The body is then shown lying on the ground next to a handgun as the voiceover explains that the Ukrainian National Guard killed a man whom the armed separatists did not recognize as their own. The weapon was left at the scene to "send a message that an enemy was killed," Rossia-1 explained.

The report, however, shows what appears to be the exact same footage that its sister channel, Rossia-24, used in a November 18, 2012, report about a counterterrorist operation in Russia's North Caucasus Republic of Kabardino-Balkaria.

Five militants were killed in that operation, Rossia-24 reported at the time.

In addition to showing what seems to be the same corpse, both the May 16 report from Ukraine and the 2012 report on the Kabardino-Balkaria operation include apparently identical footage of four armed, uniformed men surveying a grassy, fog-swept field.

The same raw footage was posted on YouTube the same day as the 2012 report on the counterterrorist operation, with Russia's National Antiterrorism Committee cited as the source.

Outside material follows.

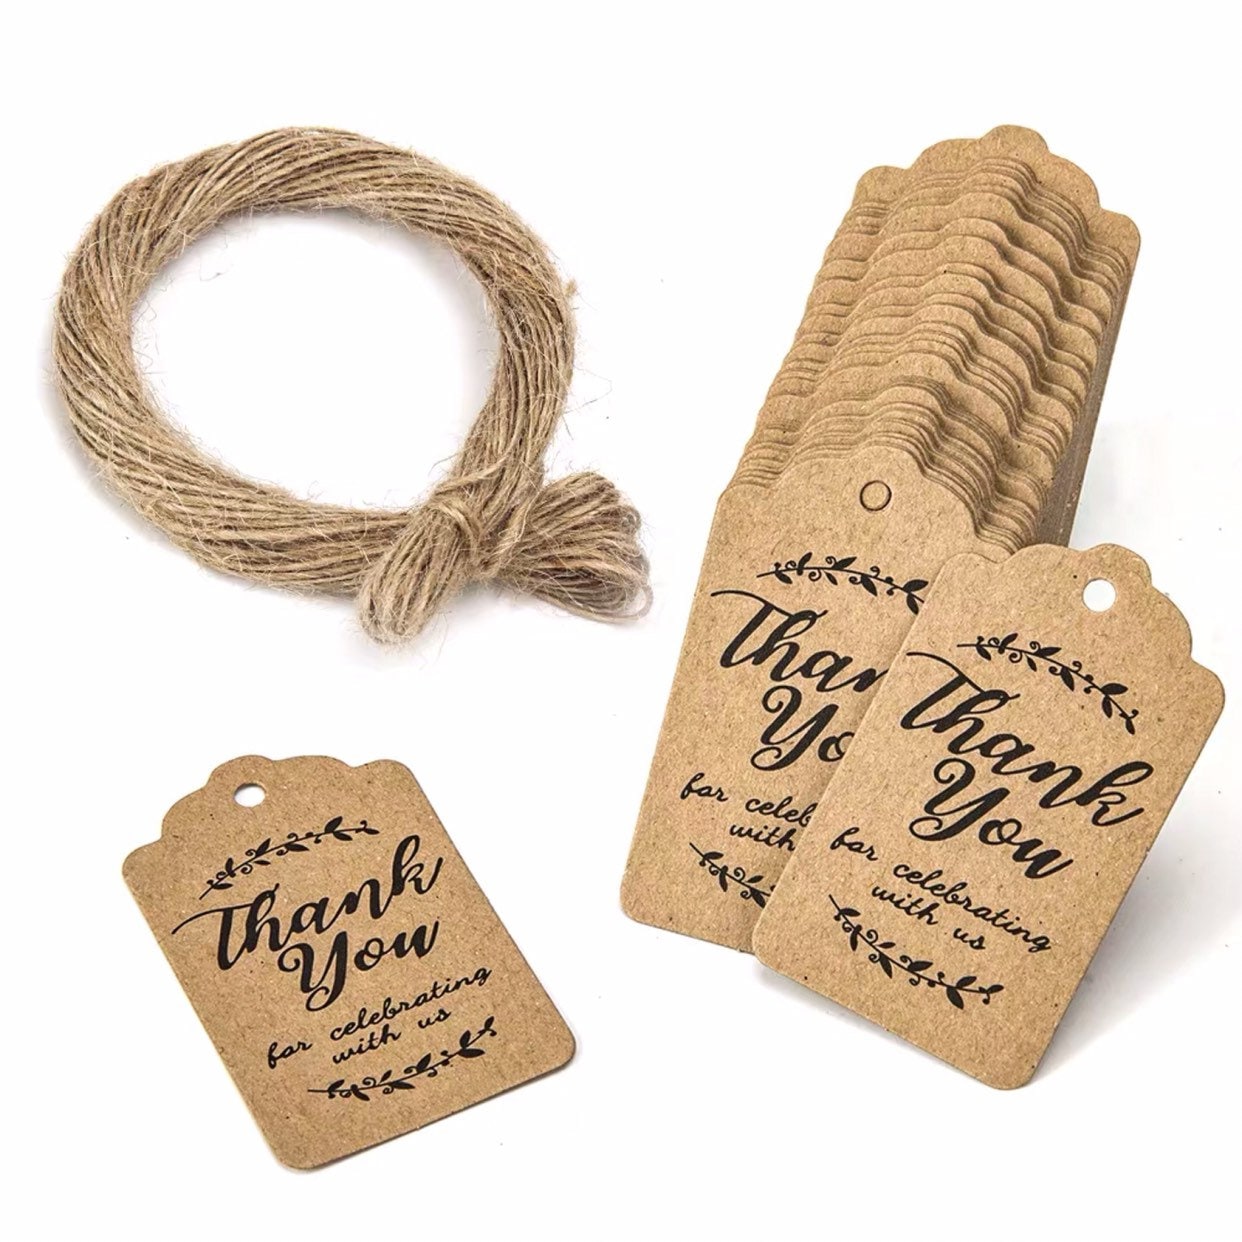 200 Kraft Paper Tags with Jute Twine, 2 Colors Heart Kraft Paper Gift Tags  for Gifts Arts and Crafts, Wedding Thanksgiving Christmas ect

In the May 16 report, Rossia-1 also interviewed a masked separatist holding an assault rifle who alleged that Ukrainian commanders operating in the area had executed their own soldiers who refused to obey "antipopular" orders.

Ukrainian and Western officials have accused the Russian media of engaging in naked propaganda to promote the Kremlin's message that the government in Kyiv is illegitimate and is backing "fascists" bent on persecuting ethnic Russians and Ukrainians who oppose its authority.

Last month, a nationally televised documentary in Russia suggested the Ukrainian government was building an internment camp for those "who speak out" against Ukrainian ultranationalists and for people whom "the current authorities in Kyiv call separatists."

Construction of the facility shown in the documentary, however, was begun in 2012 under then-Ukrainian President Viktor Yanukovych, who fled to Russia in late February following mass protests in Kyiv and other major Ukrainian cities.

The building is part of an EU-funded project to temporarily house illegal migrants.